What my function actually does is check if there's a value for a specified cell number and if it's NA, it calculates it and inserts it in place of NA.

I can run my magic function (result is value for a corresponding cell) using apply family of functions and from within apply, I can read and write cont.values without a problem (it's in global environment).

Now, I want to run this in parallel (using snowfall) and I'm unable to read or write from/to this variable from individual core.
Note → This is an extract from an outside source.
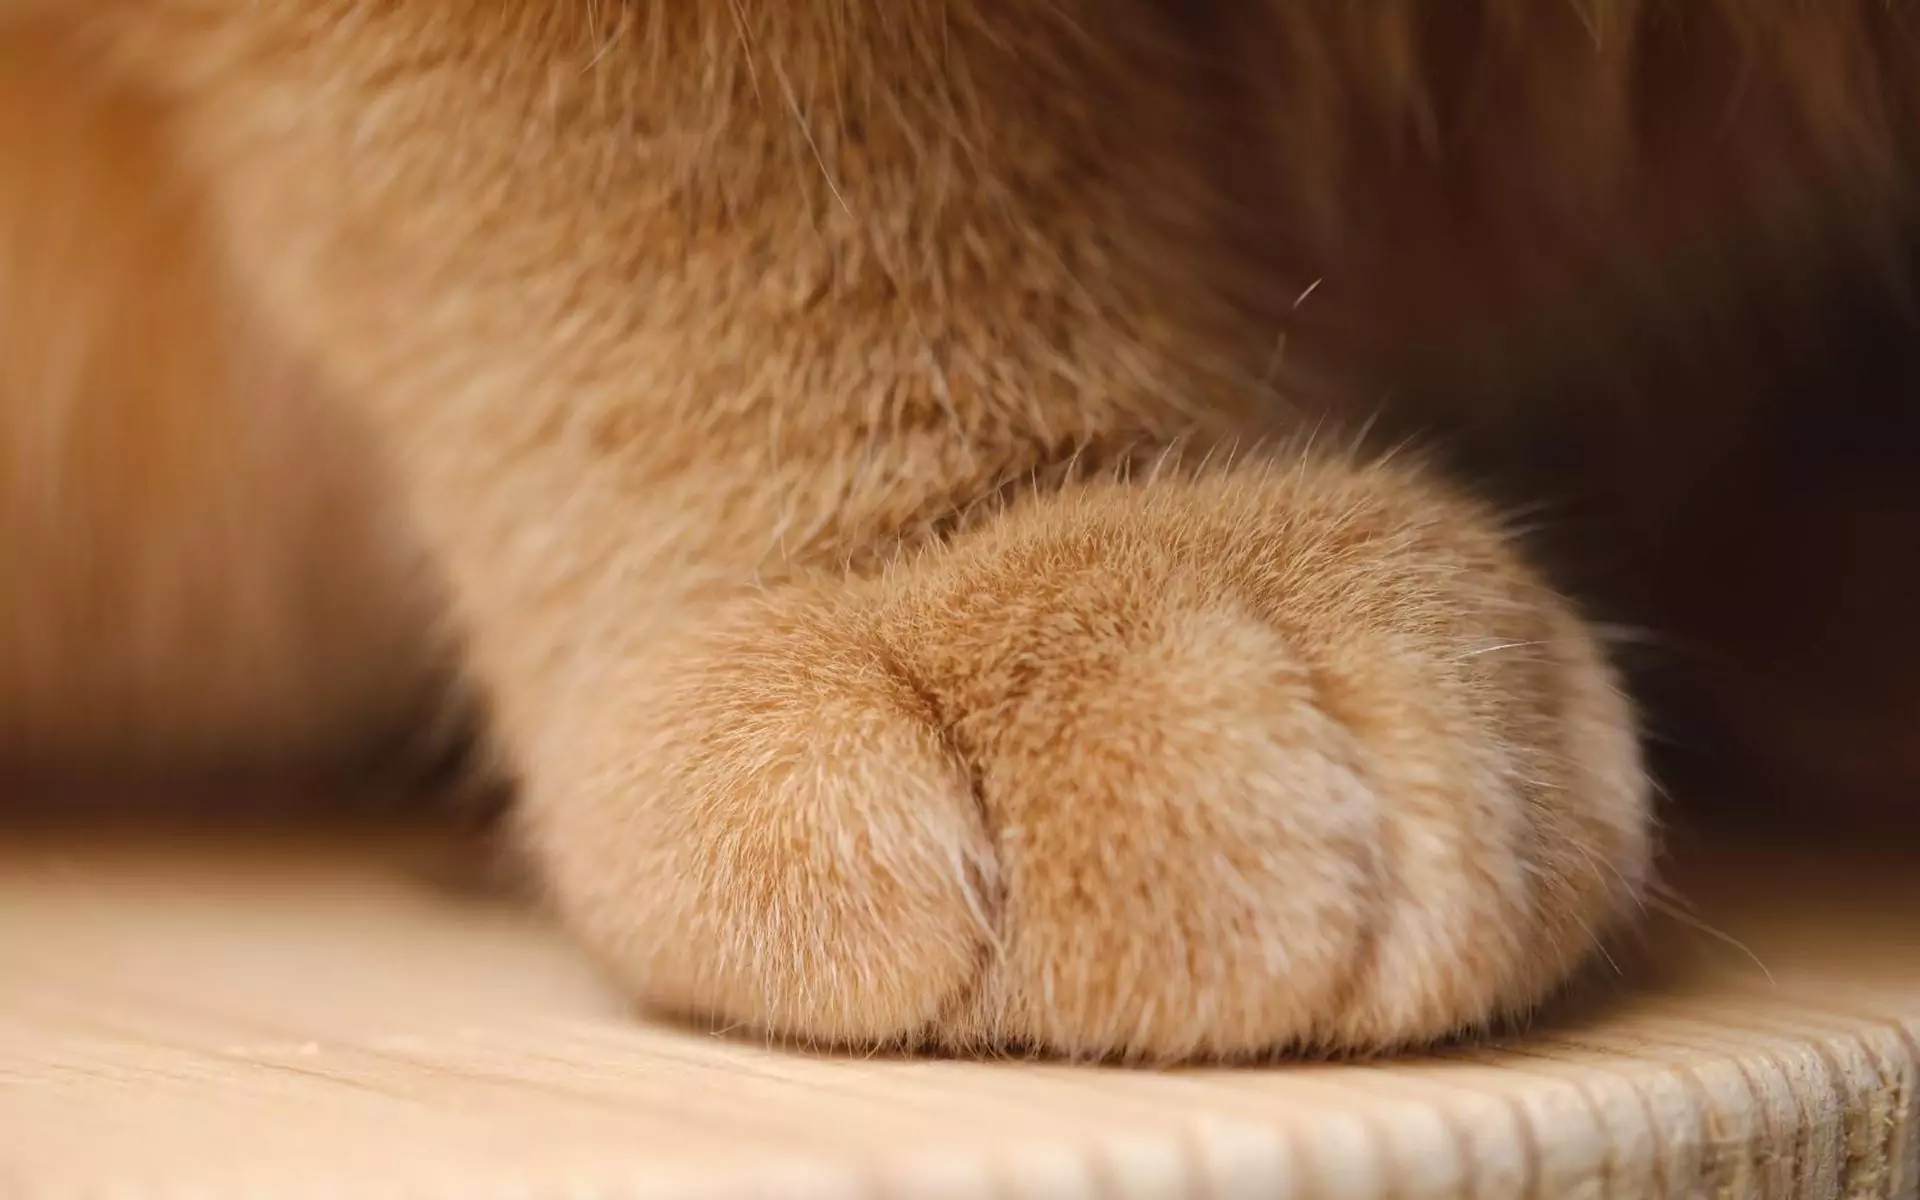 Quante dita ha un gatto?
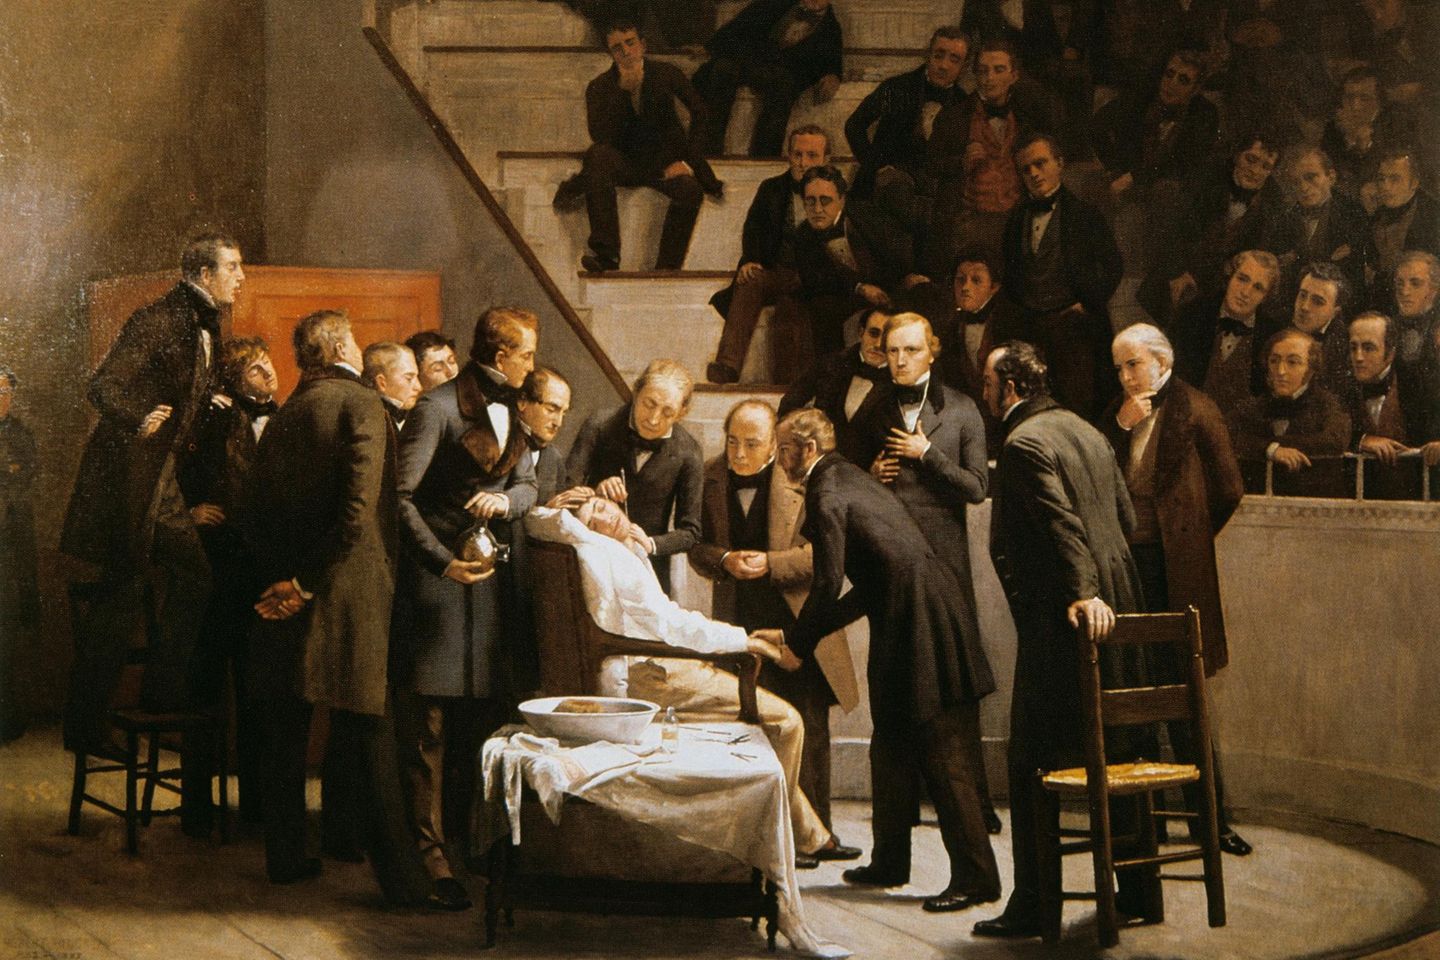 In Boston gelingt 1846 erstmals eine Operation unter Narkose. Zuvor erlitten Patienten jeglichen medizinischen Eingriff bei vollem Bewusstsein

Question: What solution would be able to read/write from/to a dynamic variable residing in global environment from within worker (core) when executing a function in parallel. Is there a better approach of doing this?


Solution

  • The pattern of a central store that workers consult for values is implemented in the rredis package on CRAN. The idea is that the Redis server maintains a store of key-value pairs (your global data frame, re-implemented). Workers query the server to see if the value has been calculated (redisGet) and if not do the calculation and store it (redisSet) so that other workers can re-use it. Workers can be R scripts, so it's easy to expand the work force. It's a very nice alternative parallel paradigm. Here's an example that uses the notion of 'memoizing' each result. We have a function that is slow (sleeps for a second)
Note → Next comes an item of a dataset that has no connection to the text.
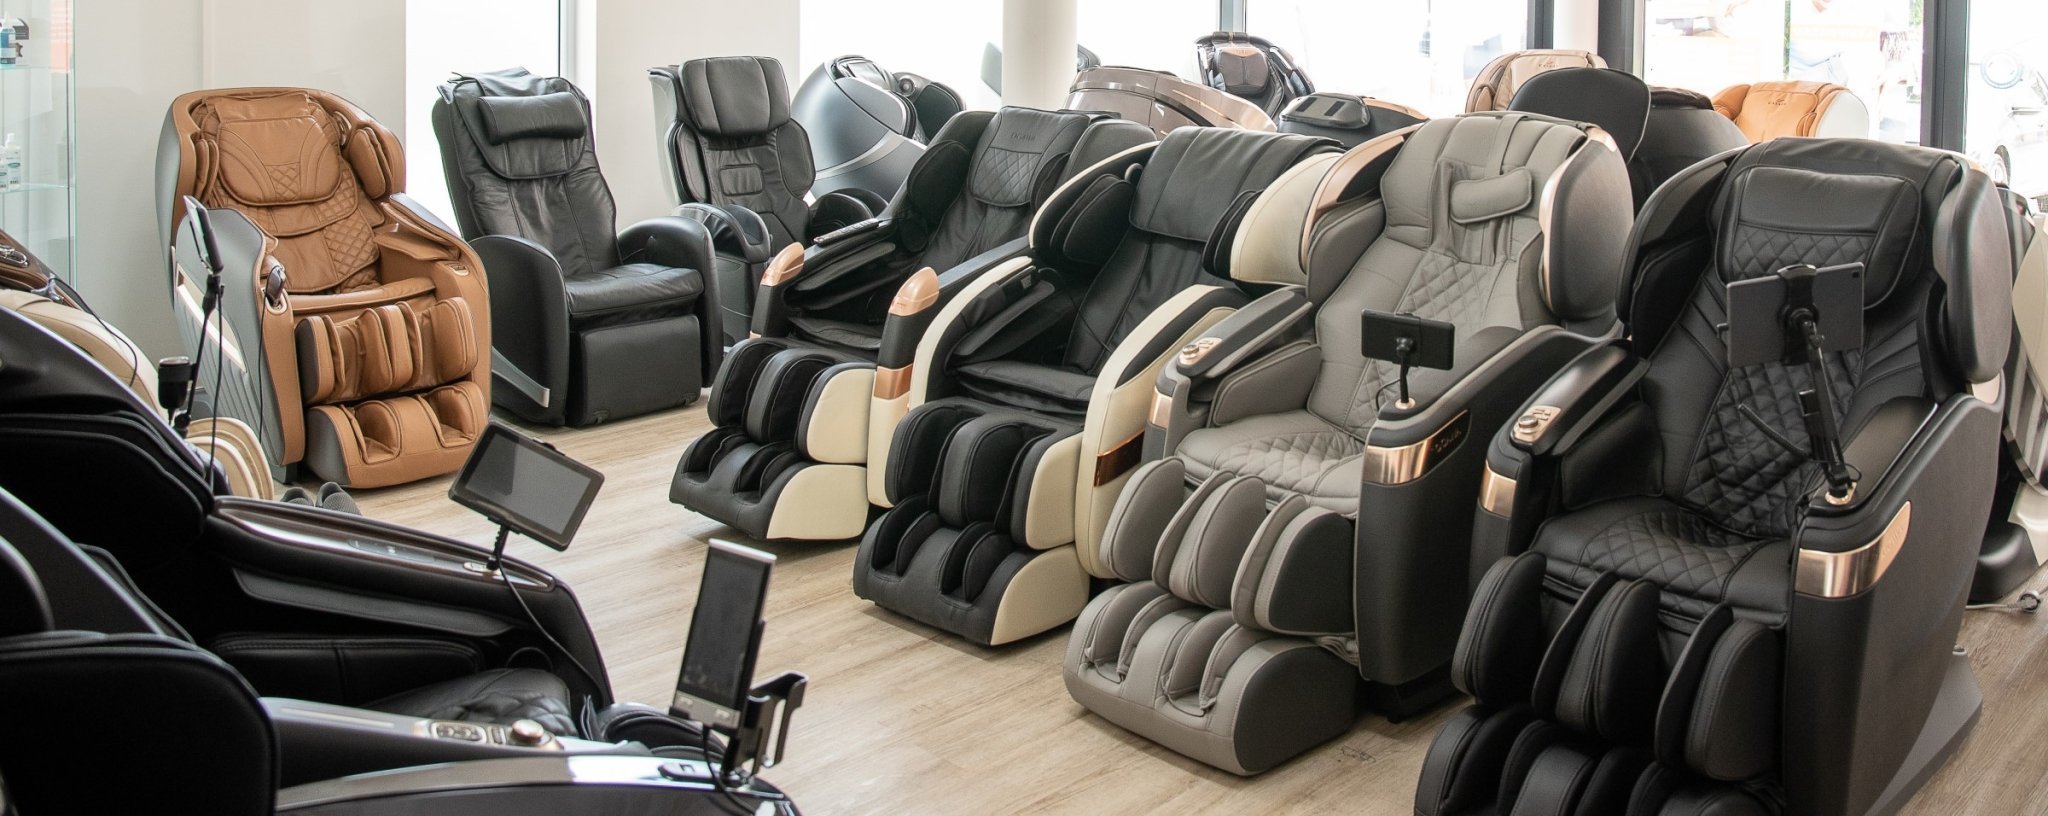 Izložbe masažnih stolica - Svijet masažnih stolica

    fun <- function(x) { Sys.sleep(1); x }
    

    We write a 'memoizer' that returns a variant of fun that first checks to see if the value for x has already been calculated, and if so uses that

    memoize <-
        function(FUN)
    {
        force(FUN) # circumvent lazy evaluation
        require(rredis)
        redisConnect()
        function(x)
        {
            key <- as.character(x)
            val <- redisGet(key)
            if (is.null(val)) {
                val <- FUN(x)
                redisSet(key, val)
            }
            val
        }
    }
    

    We then memoize our function

    funmem <- memoize(fun)
    

    and go

    > system.time(res <- funmem(10)); res
       user  system elapsed 
      0.003   0.000   1.082 
    [1] 10
    > system.time(res <- funmem(10)); res
       user  system elapsed 
      0.001   0.001   0.040 
    [1] 10
    

    This does require a redis server running outside R but very easy to install; see the documentation that comes with the rredis package.

    A within-R parallel version might be

    library(snow)
    cl <- makeCluster(c("localhost","localhost"), type = "SOCK")
    clusterEvalQ(cl, { require(rredis); redisConnect() })
    tasks <- sample(1:5, 100, TRUE)
    system.time(res <- parSapply(cl, tasks, funmem))